ECLI:NL:RBUTR:2009:BH4063
Rechtbank Utrecht
- Eerste aanleg - enkelvoudig
- Rechtspraak.nl
Nietigheid en vernietigbaarheid van aandelenlease-overeenkomsten in het kader van het Levob Hefboom Effect
In deze zaak heeft de Rechtbank Utrecht op 25 februari 2009 uitspraak gedaan in een civiele procedure tussen eiseres, vertegenwoordigd door advocaat mr. M.E. Bosman, en gedaagde, Levob Bank N.V., die niet is verschenen. Eiseres heeft een vordering ingesteld op grond van nietigheid en vernietigbaarheid van de aandelenlease-overeenkomsten, specifiek de overeenkomst genaamd 'Het Levob Hefboom Effect'. Eiseres stelt dat de overeenkomst nietig is wegens strijd met de Wet toezicht effectenverkeer (Wte) en de Wet Consumentenkrediet (WCK), en dat deze tot stand is gekomen onder invloed van dwaling en misbruik van omstandigheden.

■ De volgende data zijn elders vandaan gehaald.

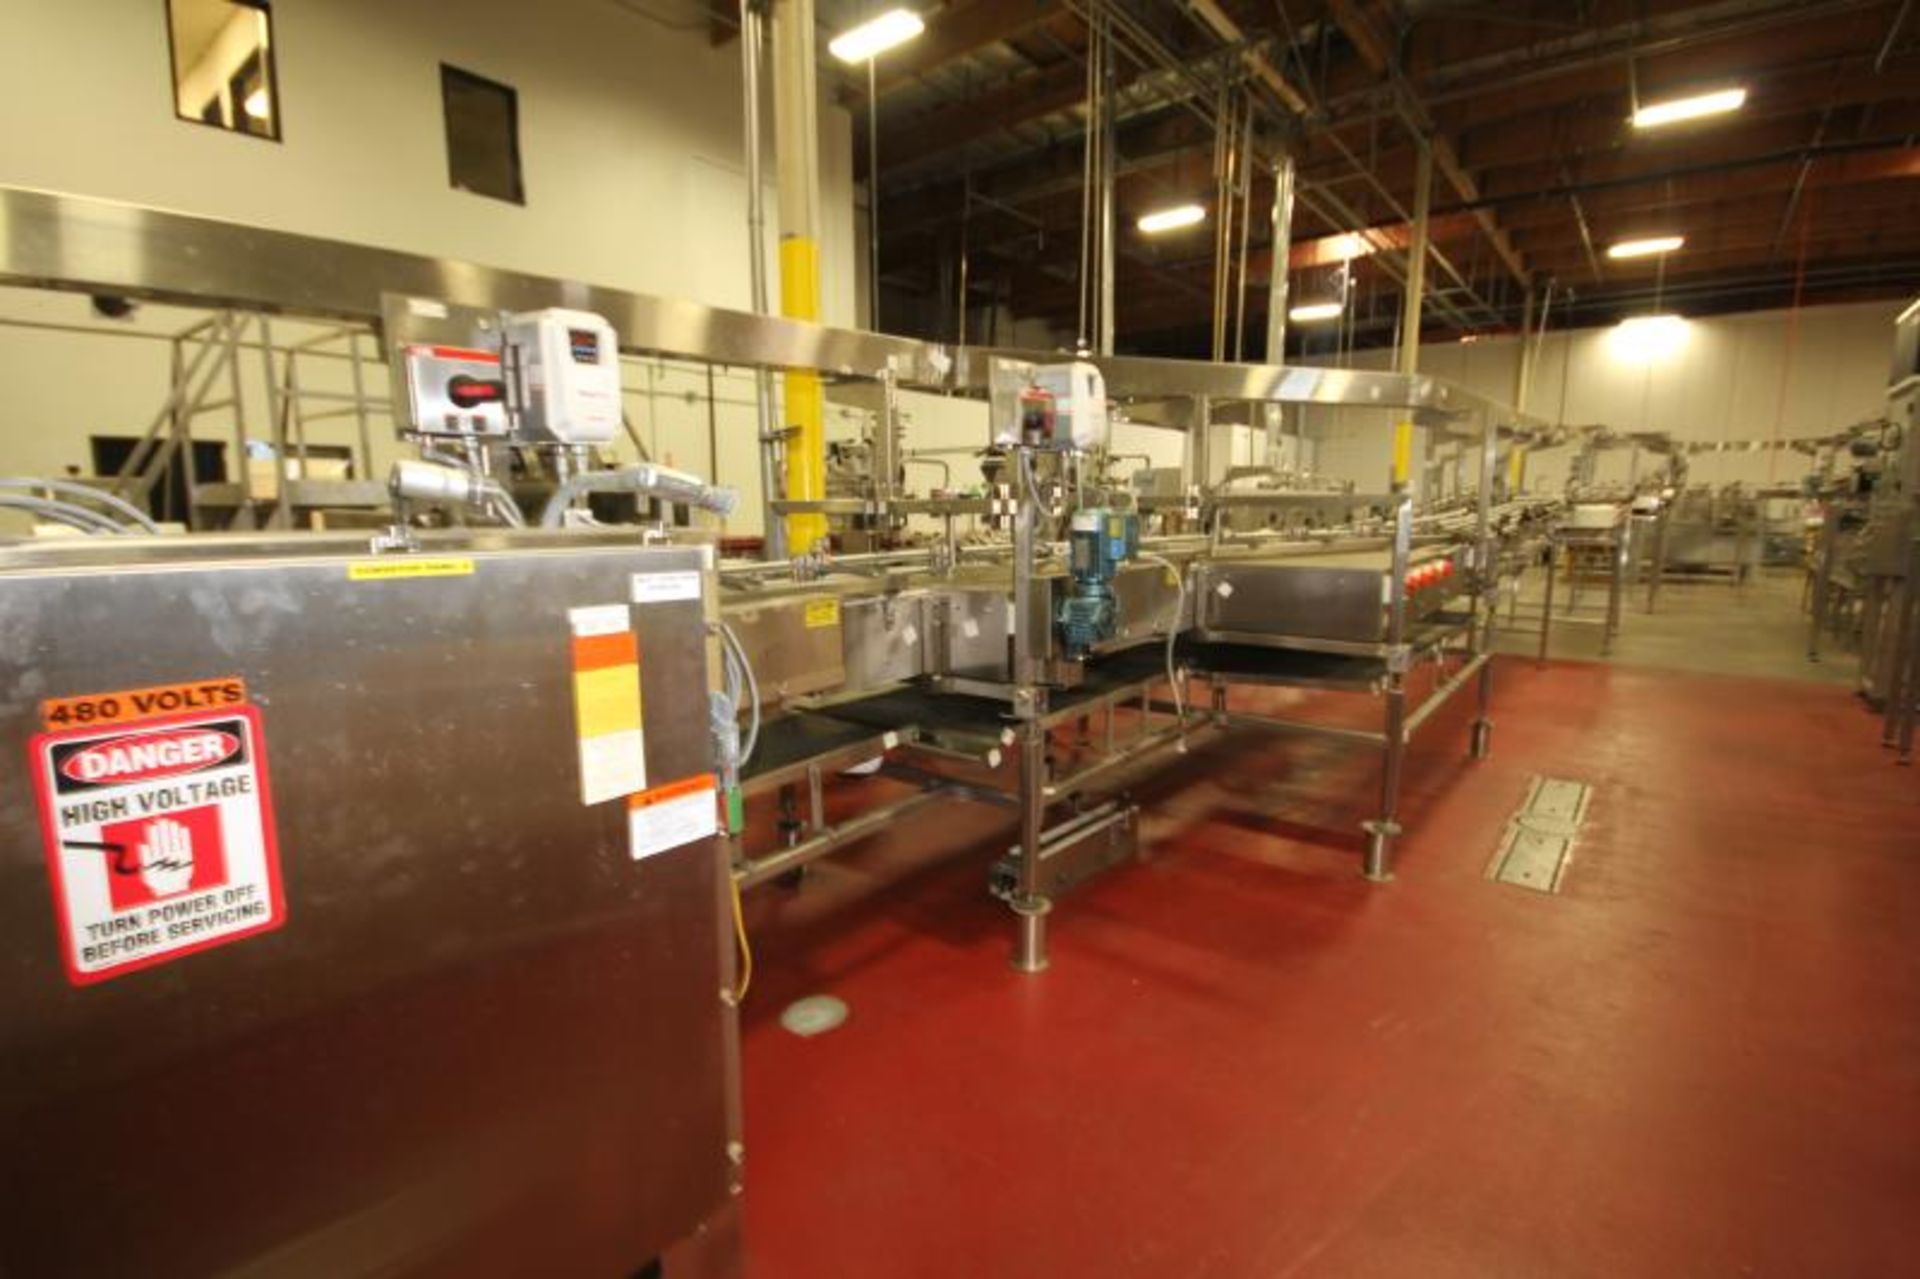 Sentry Aprox. 200' S/S Bottle and Product Conveyor System, Single Filer Section, 7-Bank Control - Image 5 of 6
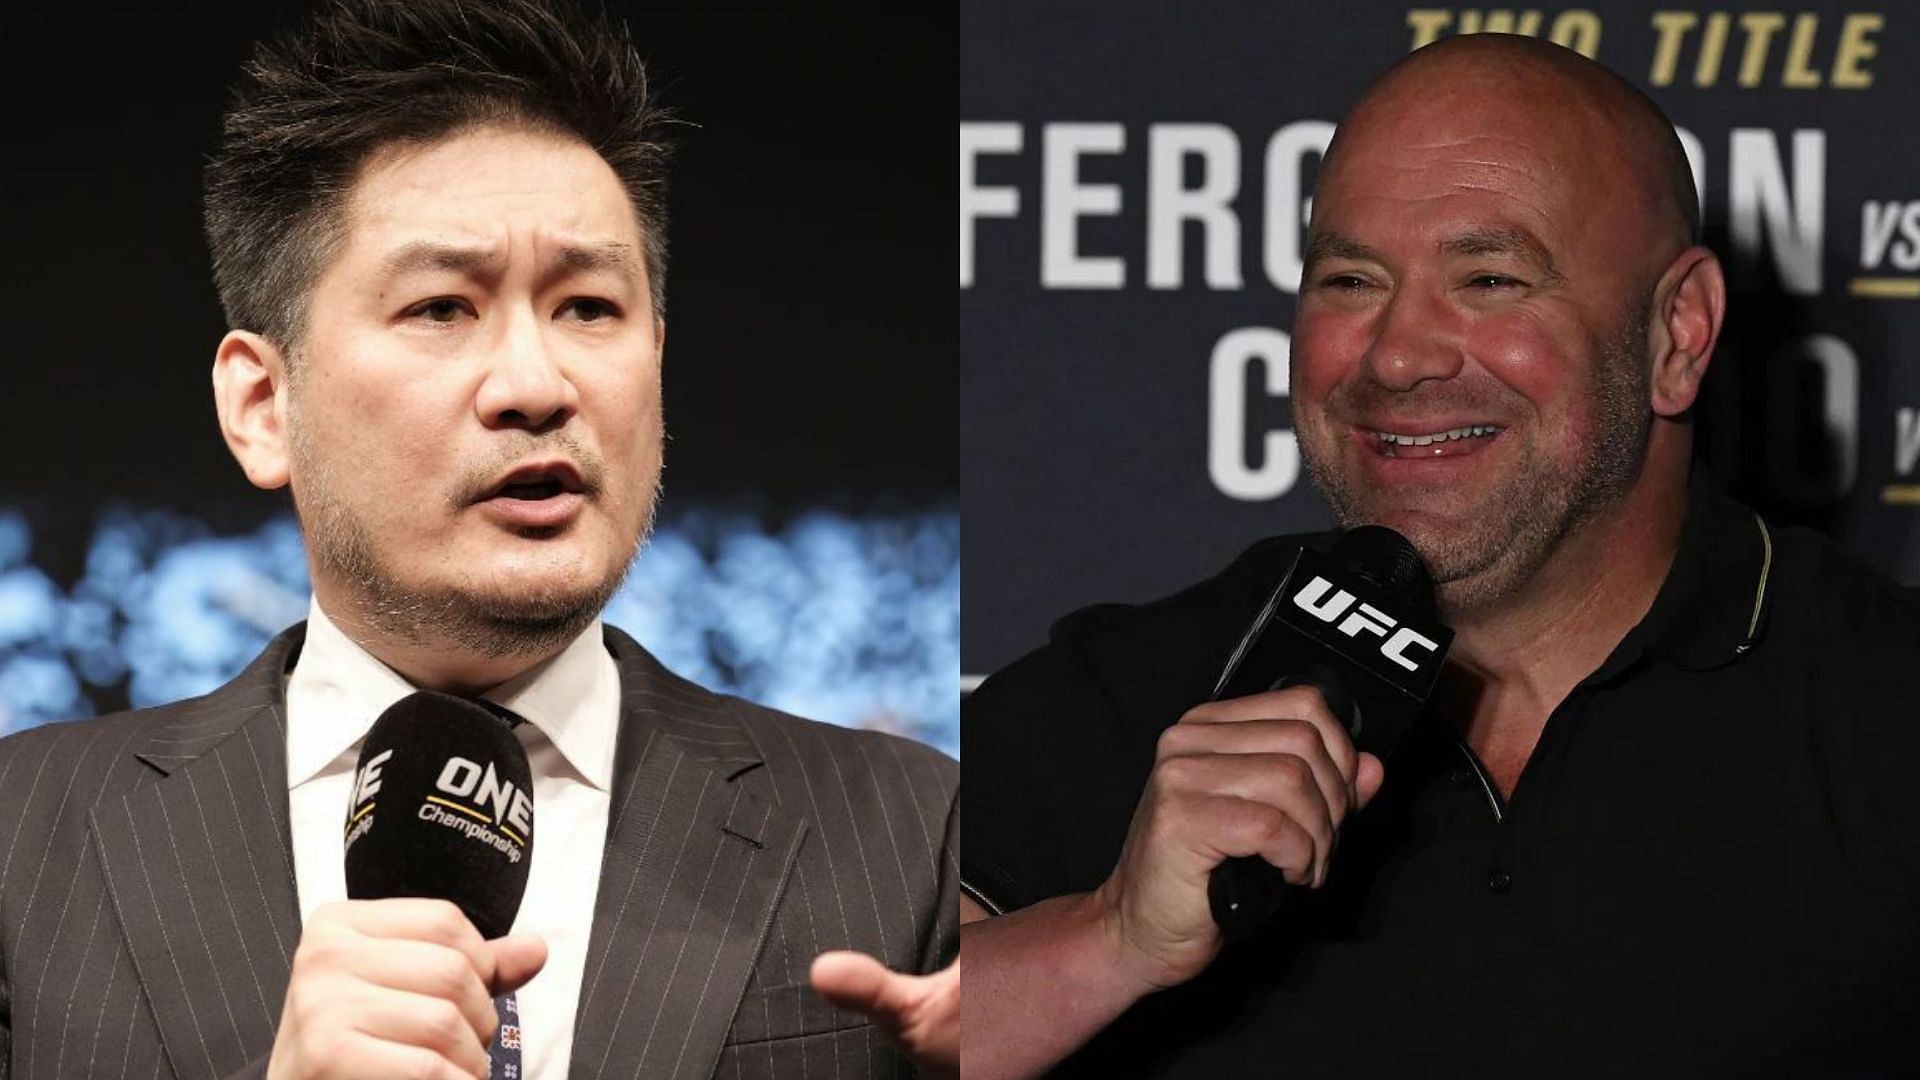 [Photo Credit: ONE Championship and Getty] Chatri Sityodtong and Dana White

De rechtbank heeft in haar beoordeling vastgesteld dat de Wte en WCK niet van toepassing zijn op de Hefboomovereenkomsten, en dat de vorderingen van eiseres op deze gronden ongegrond zijn. Daarnaast heeft de rechtbank geoordeeld dat eiseres onvoldoende bewijs heeft geleverd voor haar beroep op dwaling, aangezien zij de tekst van de overeenkomst had kunnen inzien voordat zij deze ondertekende. De rechtbank concludeert dat eiseres zelf verantwoordelijk is voor haar keuze en dat haar beroep op dwaling niet kan slagen.
Wat betreft het beroep op misbruik van omstandigheden, heeft de rechtbank vastgesteld dat eiseres niet heeft aangetoond dat gedaagde op de hoogte was van bijzondere omstandigheden die haar tot het sluiten van de overeenkomst hebben bewogen. De rechtbank heeft de vorderingen van eiseres tot nietigheid en vernietigbaarheid van de overeenkomst dan ook afgewezen.
Eiseres heeft daarnaast een vordering tot ontbinding van de overeenkomst ingediend, maar de rechtbank heeft geoordeeld dat deze vordering niet toewijsbaar is, omdat een tekortkoming in pre-contractuele verplichtingen geen toerekenbare tekortkoming oplevert. De rechtbank heeft uiteindelijk geoordeeld dat gedaagde onrechtmatig heeft gehandeld en aansprakelijk is voor de schade die eiseres heeft geleden, en heeft gedaagde veroordeeld in de proceskosten, die zijn begroot op EUR 791,44.